What do various non-parametric tests assume?

Test	Type of test	Assumptions
Sign test	Single sample	- The underlying data are continuous. - The data are independent.
Wilcoxon signed-rank test	Single sample	- The underlying data are symmetric. - The underlying data are continuous. - The data are independent.
Paired sign test	Two sample	- The data are in matched pairs. - The differences between matched pairs are continous. - The data are independent.
Wilcoxon matched-pairs signed-rank test	Two sample	- The data are in matched pairs. - The differences between matched pairs are symmetrical. - The differences between matched pairs are continous. - The data are independent.
Wilcoxon rank-sum test	Two sample	- The two samples are independent. - The underlying data are symmetric. - The underlying data are continuous.

Single-sample sign test

To perform the single-sample sign test,
(i) mark the values that are greater than the stated median with a $+$ sign, and
(ii) mark those that are less than the stated median with a $-$ sign.

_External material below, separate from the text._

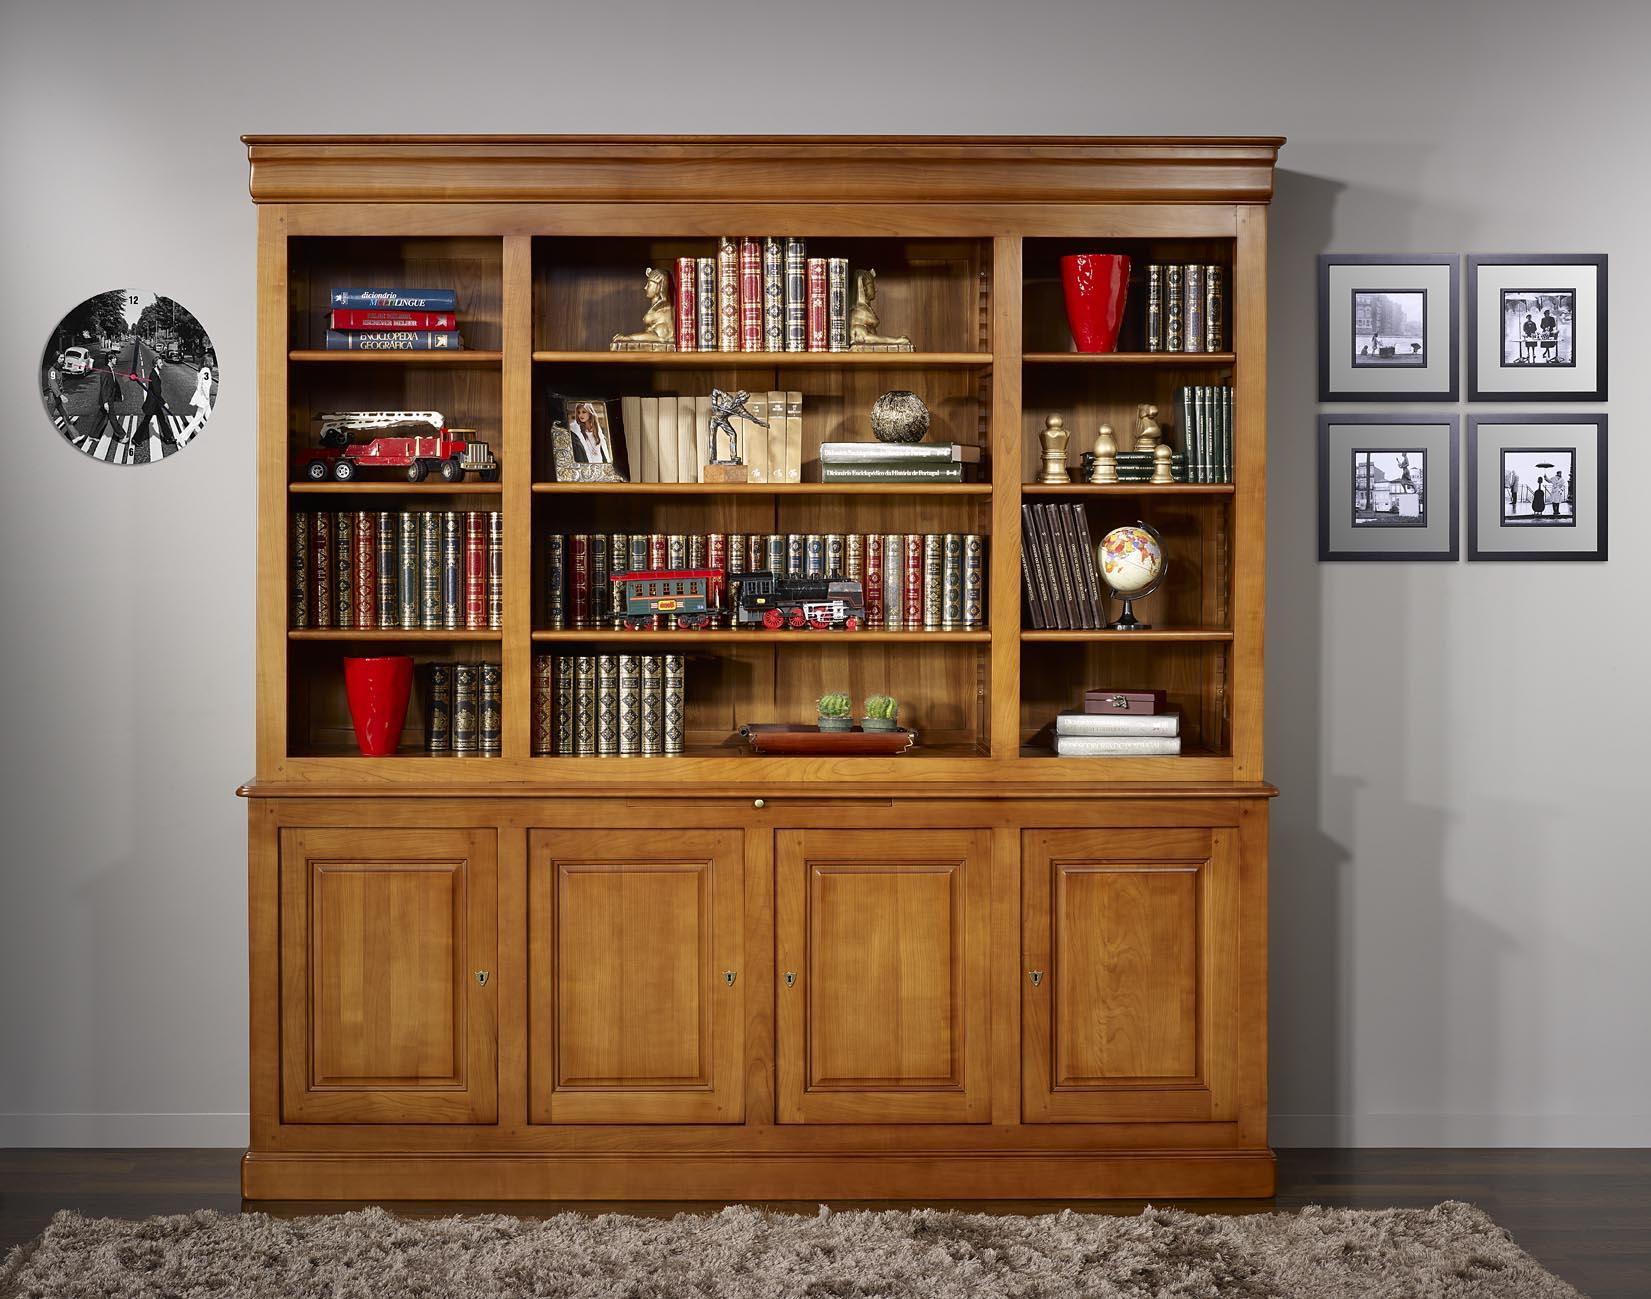 biblioth que 2 corps en merisier massif de style louis philippe meuble en merisier massif. Black Bedroom Furniture Sets. Home Design Ideas

If the data are well distributed about the median, we would expect an equal number of $+$ and $-$ signs.
Hence, there should be
(i) a probability of $\frac{1}{2}$ that any data point is above the median;
(ii) a probability of $\frac{1}{2}$ that any data point is below the median.

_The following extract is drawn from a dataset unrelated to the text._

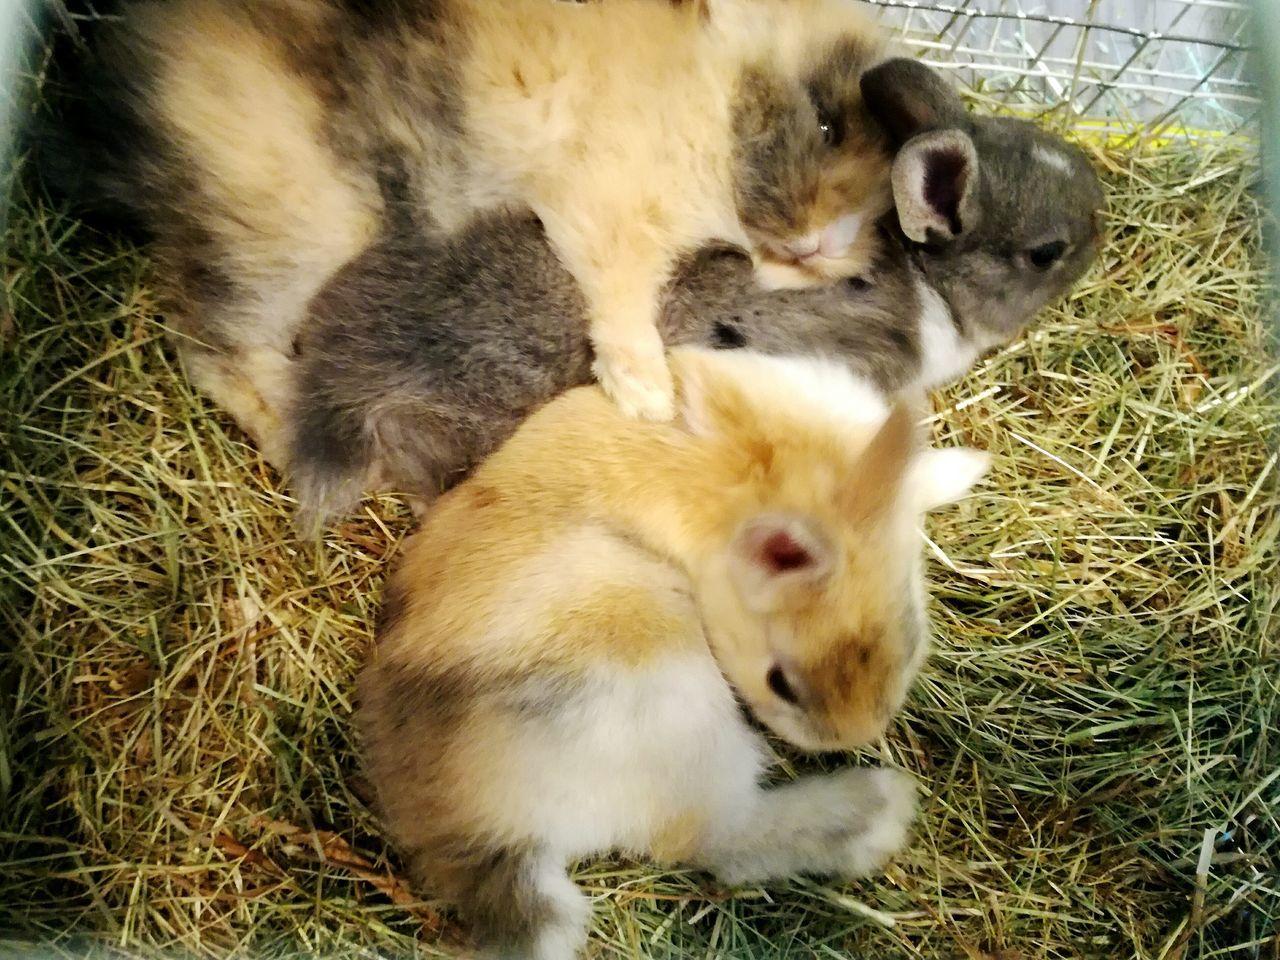 Animal Themes Young Animal Animal Family Togetherness Close-up Rabbit - Animal Domestic Animals Rabbit ❤️ Rabbit 🐇 Colors

Given $n$ data points, a single-sample sign test is created using $X \sim \mathrm{Bin}(n, 0.5)$. The test statistic can be the number $+$ signs, that is the number of data points greater than the median.

We can calculate the probability that $X$ is
(i) above this test statistic,
(ii) below this test statistic, or
(iii) either (in the case of a two-tailed test)
which is $\mathbb{P}(X \le T | X \sim \mathrm{Bin}(n,0.5))$, where $T$ is the test statistic.

In a situation where we have $0$ instead of $+$ or $-$, the data point is discounted.

It is possible to approximate the sign test to a normal distribution for large $n$ ($n > 10$ can be considered large).

Let $T = \min(S^+, S^-)$, then $E(T) = np = n/2$, and $\mathrm{Var}(T) = npq = n/4.$
For large $n$, $X \sim N\left(\frac{n}{2},\frac{n}{4}\right),$ we can use the normal approximation of the binomial with $p = 0.5$. We must also make sure that we use a continuity correction.

In general, at a significance level $\alpha$, where $0< \alpha < 1$,
(i) for $H_1: m < m_0$, if $P(X \le S^+) \le \alpha \implies$ reject $H_0$
(ii) for $H_1: m > m_0$, if $P(X \ge S^+) \le \alpha \implies$ reject $H_0$
(iii) for $H_1: m \neq m_0$, if $P(X \le T) \le \alpha/2 \implies$ reject $H_0$